Record set:

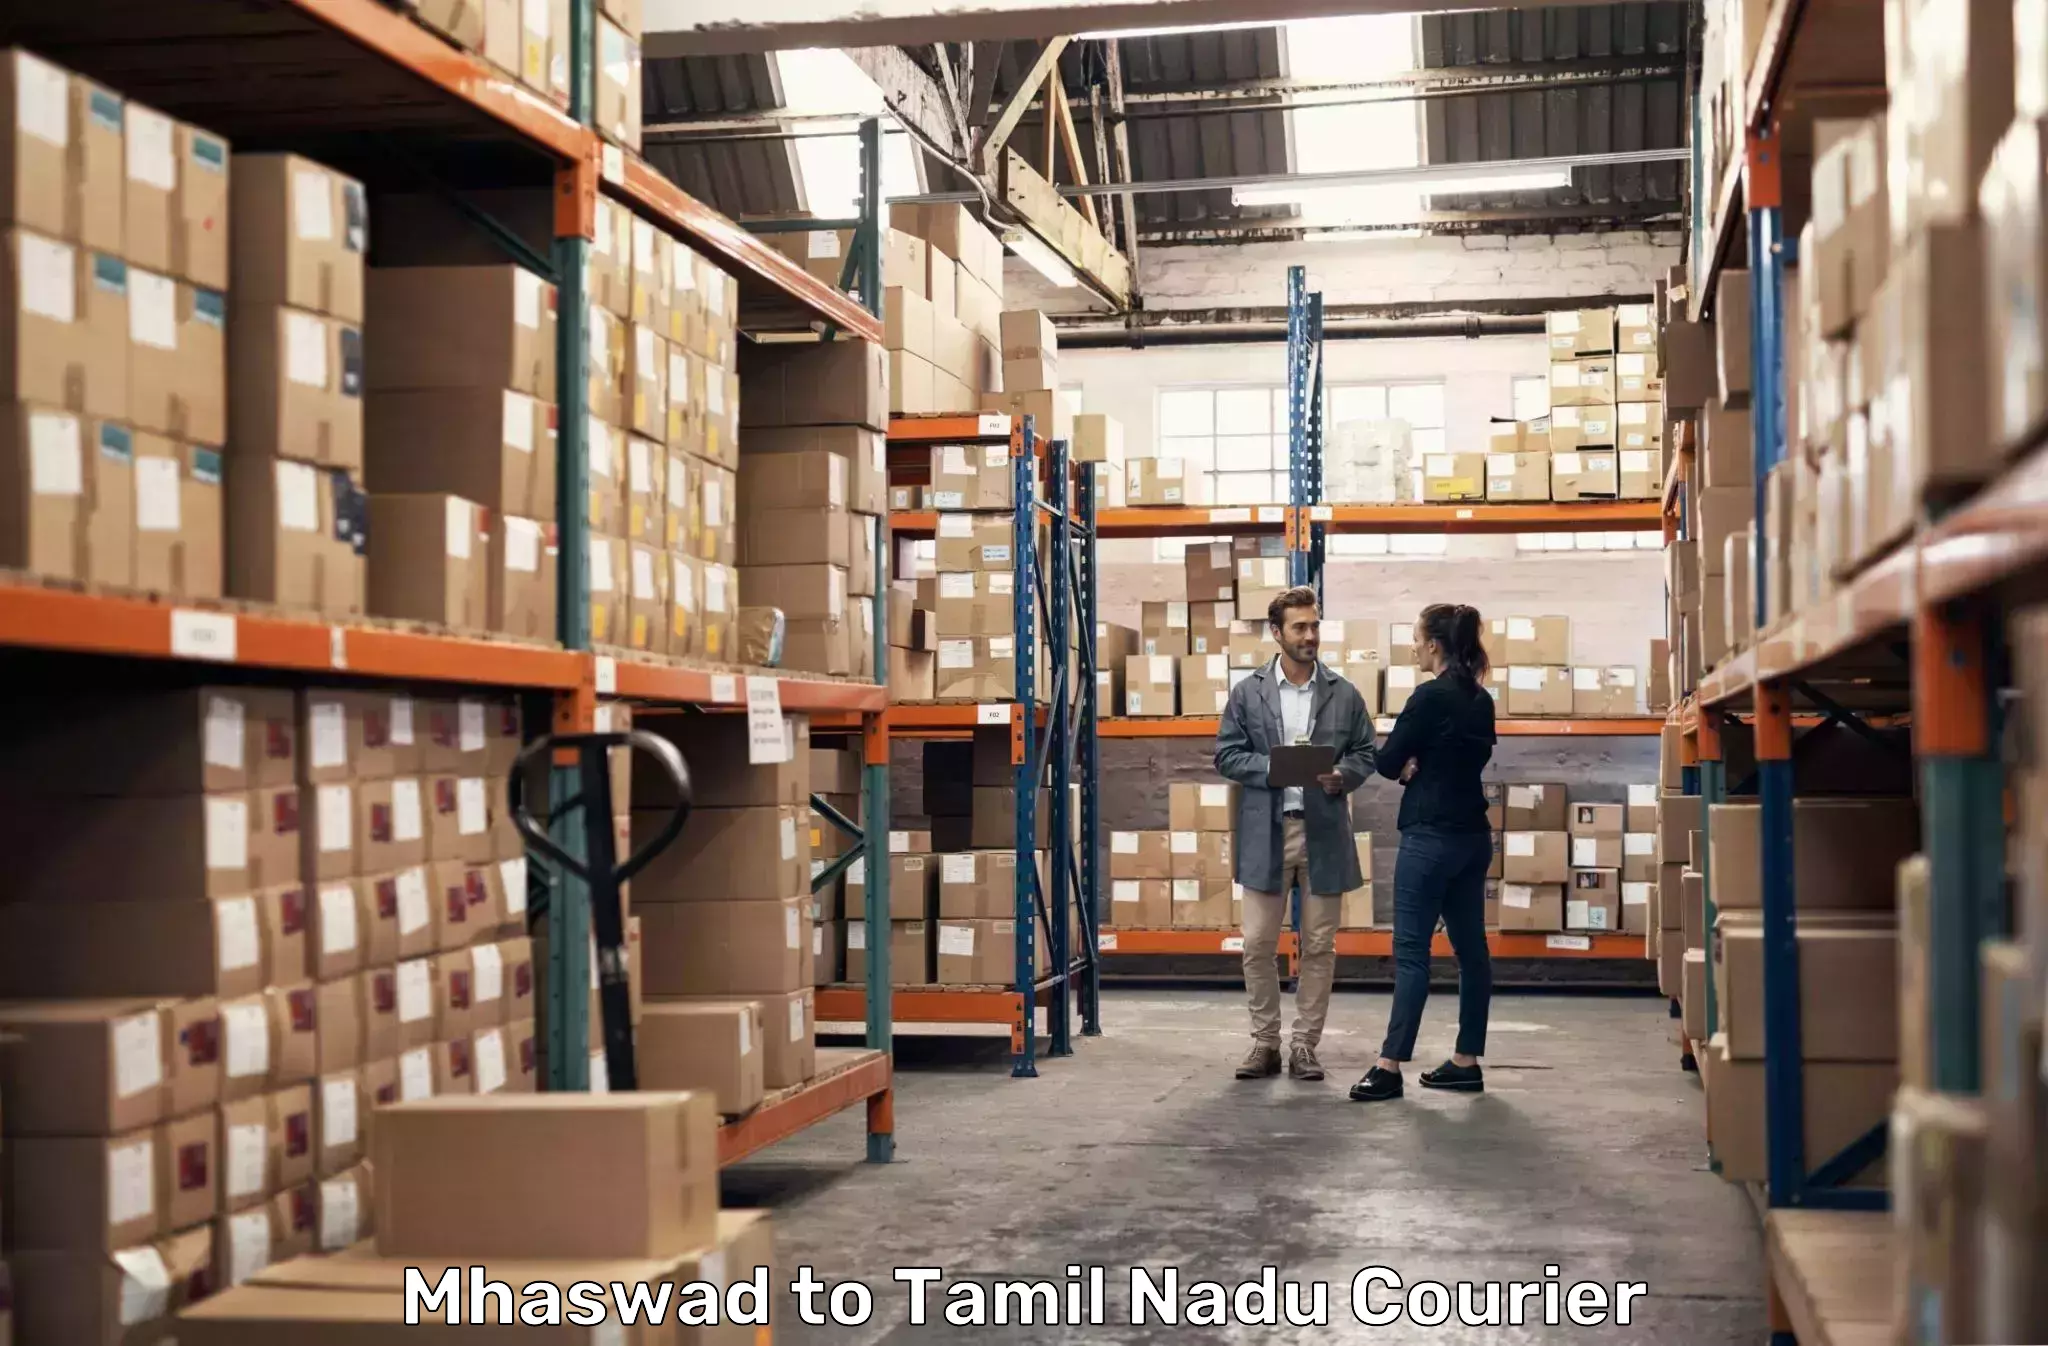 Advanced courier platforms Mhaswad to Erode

...

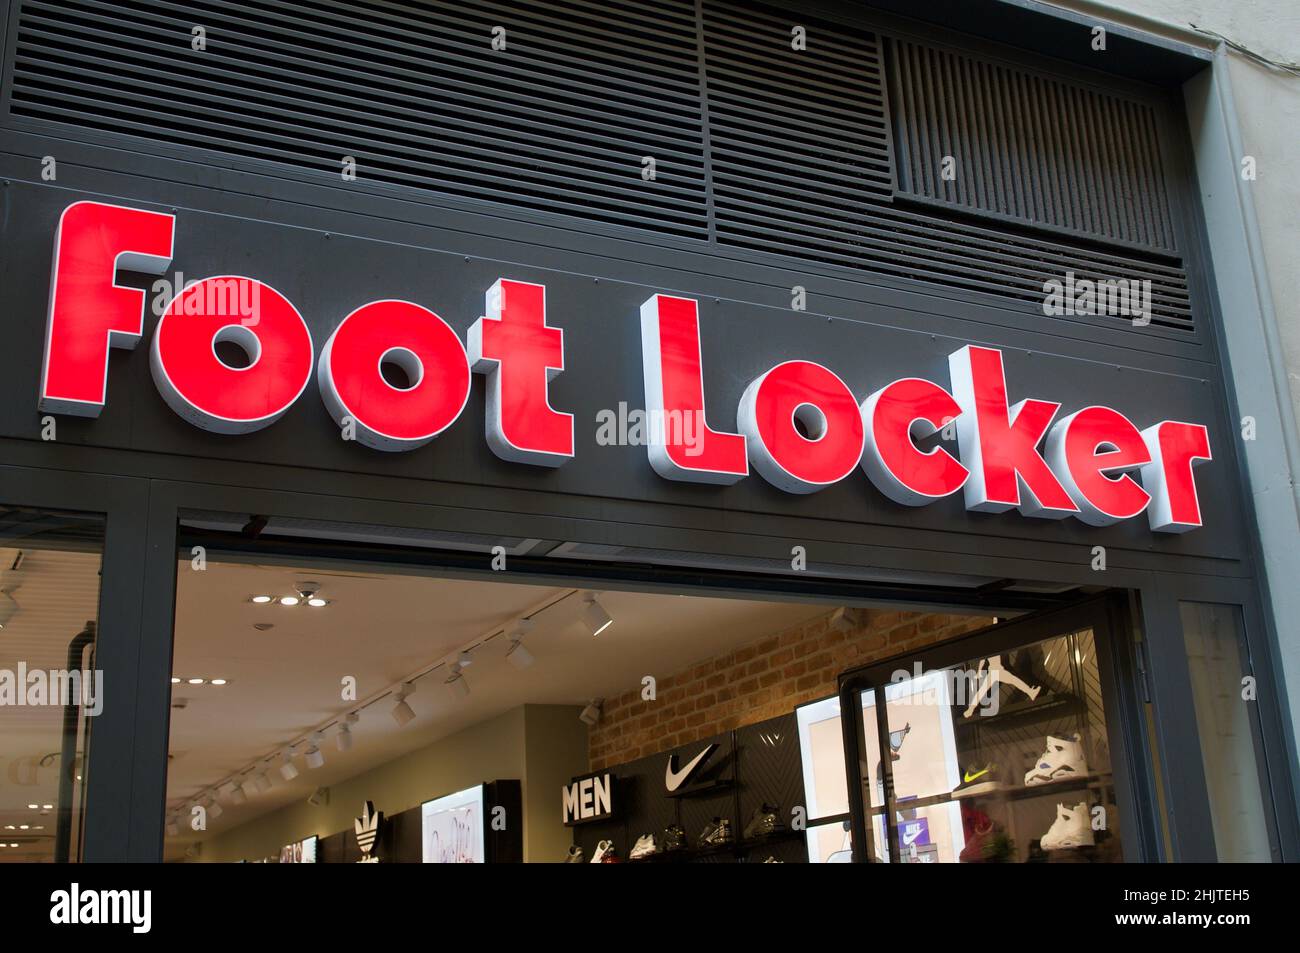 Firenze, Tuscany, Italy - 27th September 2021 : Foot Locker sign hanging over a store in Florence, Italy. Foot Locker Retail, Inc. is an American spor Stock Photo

* * *

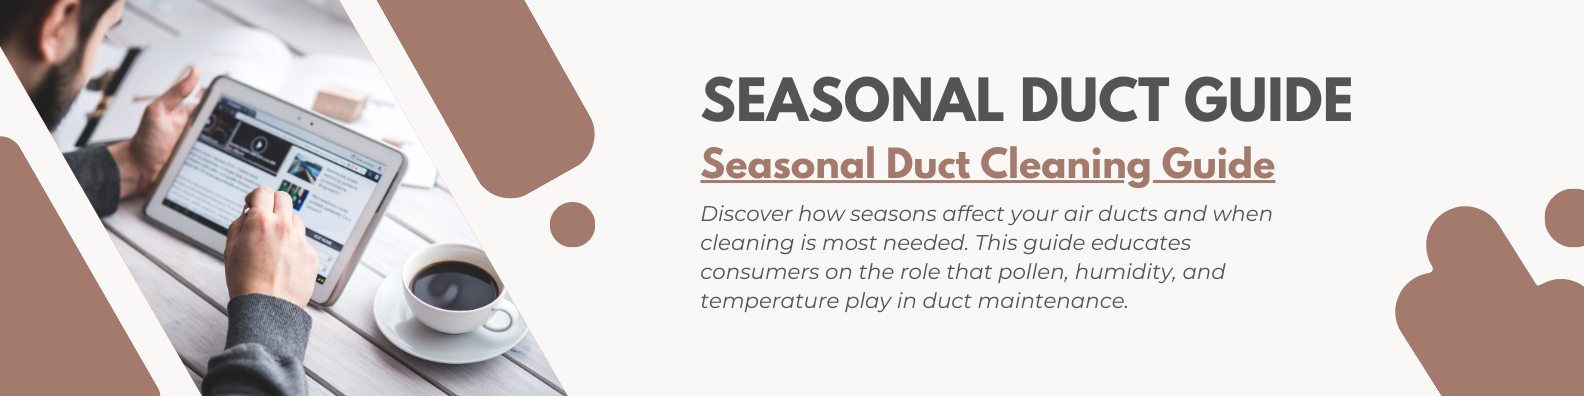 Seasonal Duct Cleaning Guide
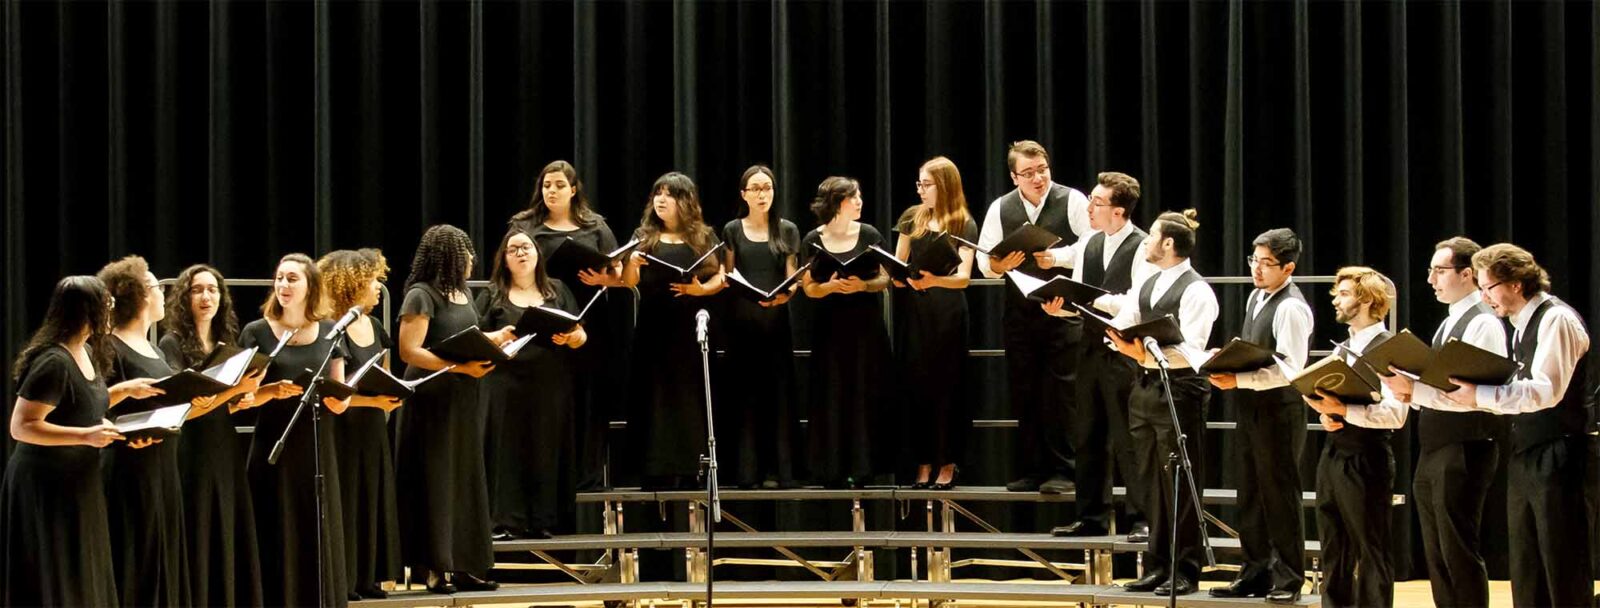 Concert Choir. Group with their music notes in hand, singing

What the exercise asks: Look back at the data above, then output exactly the lines from the line holding "Seasonal Duct Cleaning Guide" up to and including the line holding "Concert Choir. Group". Leave out the pictures.

Task result:
 Seasonal Duct Cleaning Guide
 Concert Choir. Group with their music notes in hand, singing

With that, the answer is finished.